I've had a tricky relationship with exercise since I was a teenager. I love being outside, exploring the world and getting dirty, sweaty and tired. It's a fantastic way to spend time with friends. Challenging myself and competing is exhilarating. Winning races feels great.
But it's never been that simple. Exercise also gives me relief from both thoughts about overeating and the anxiety that makes it matter in the first place. It's an addictive combination. When I'm struggling with my mental health I crave those hours of peace where my thoughts are calm, my body feels tired but deserving of care and nourishment and my mind doesn't have to calculate or judge because it knows I've done enough to rest.
"The hardest part was balancing recovery with training."
Last year I relapsed into eating problems and, as well as using exercise to manage my anxiety and depression, I used it to purge. It became the most important thing in my life. I signed up to Ride London for Mind when my knees had given out from running too far and I was hoping I could cycle my way to the same feeling. Now I can admit I used big races as an excuse to do more exercise than I should.
It took my periods stopping to shock me into making a change. I've been trying my best to recover and cut down, to help my body get into a healthy place. I've started limiting hard exercise and doing walking and yoga instead.
But I still want to be able to enjoy running and cycling. I don't want to cut it out completely. It's fun, sociable and (with the right balance) excellent for mental and physical health. I just need to be in a place where, if I have to cut down or stop for a while, it doesn't exacerbate other mental health problems.
"Ride London has helped me practise taking on a challenge without taking things too far."
So preparing for Ride London was a different kind of challenge for me. It's not just the furthest I've ever cycled. The hardest part was balancing recovery with training, starting to build a new relationship with exercise. A relationship where I do it for the joy rather than the calories it burns. Where I stop when I'm tired not when the eating disorder thought gremlins say I can.

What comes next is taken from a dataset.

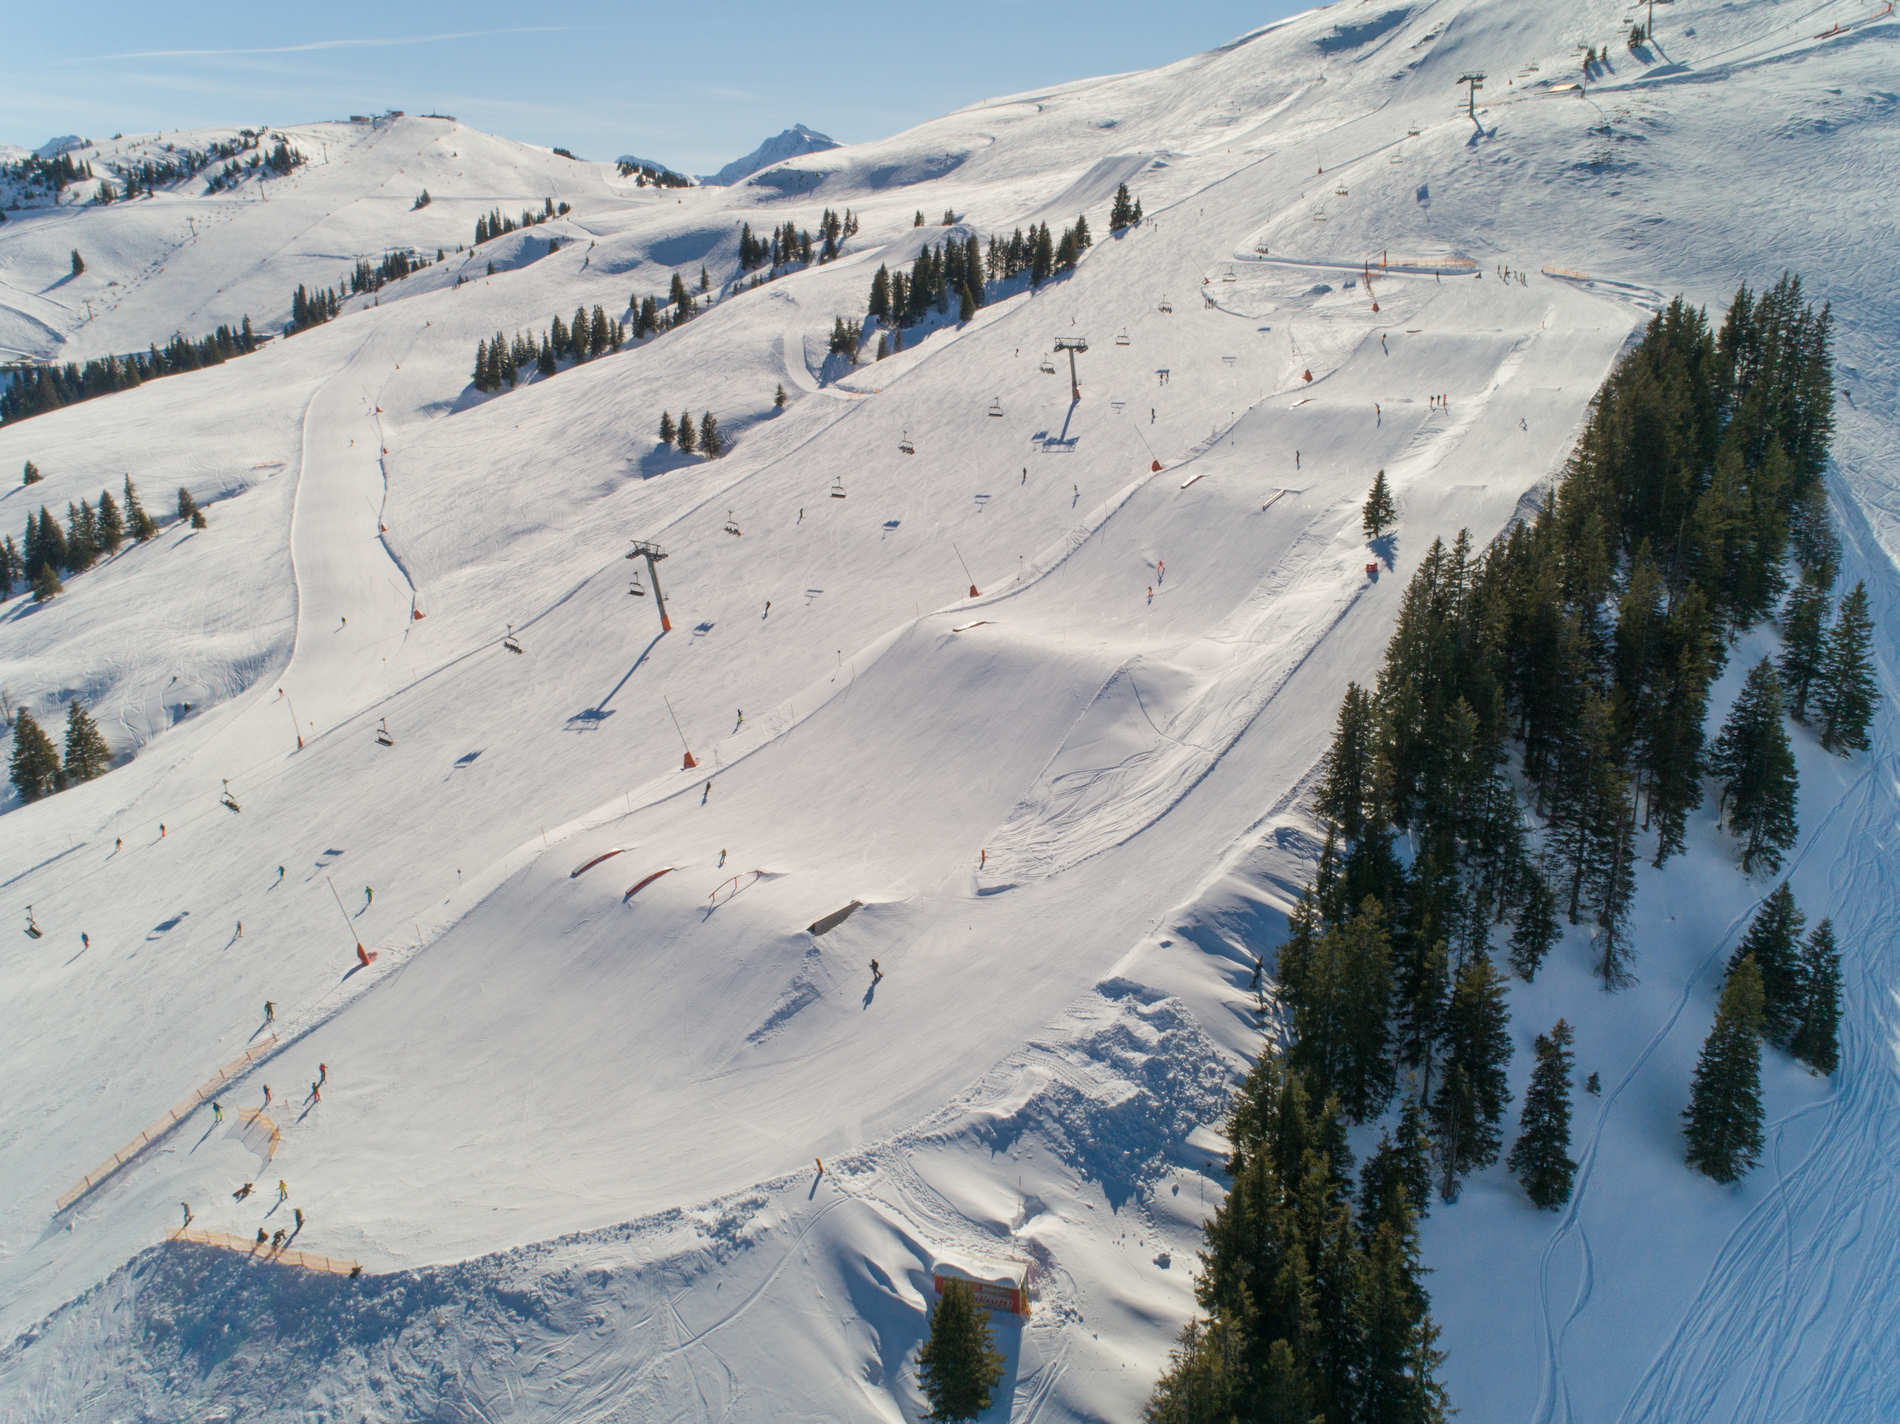 web aerials snowpark kitzbuehel michi rudolf 9

It’s a slow process. Some weeks I slip back into doing more than I should. For years I’ve done body tests and checks on autopilot. ‘Failing’ those tests would release an avalanche of self-recrimination and exercise resolutions. Stopping myself from testing my body and catching that spiral is hard – especially when I’m already feeling anxious, vulnerable or stressed.
Ride London has helped me practise taking on a challenge without taking things too far. Doing training rides and increasing my food intake as a result - but not binging or worrying I’ve eaten too much and have to do more long hours in the saddle tomorrow. Experiencing that feeling I was addicted to without needing it again immediately. Mixing up training with other things that make me feel calm – crafting, gardening and gentler walks with the dog.
"Riding for Mind has helped me find a gentler joy in cycling again."
I’ve always been impatient to get on with things. I think of my time in hours and days not months and years. But this kind of change takes longer. I can still do some serious double think to enable me to get the running release I crave. But I’ve noticed a definite trend in the right direction. It’s measured in months not days or even weeks but it’s there.
I put off fundraising at first. I didn’t want to let people down if I decided it wouldn’t be healthy to ride. But when I put up my fundraising page the support was amazing. Mind do brilliant things for so many people – and they helped me stay in work when I was having a really difficult time coming off Sertraline earlier this year.
Riding for Mind has helped me find a gentler joy in cycling again. I was proud to wear their logo on Sunday. And I’m doing my very best to make sure I eat and rest properly afterwards too.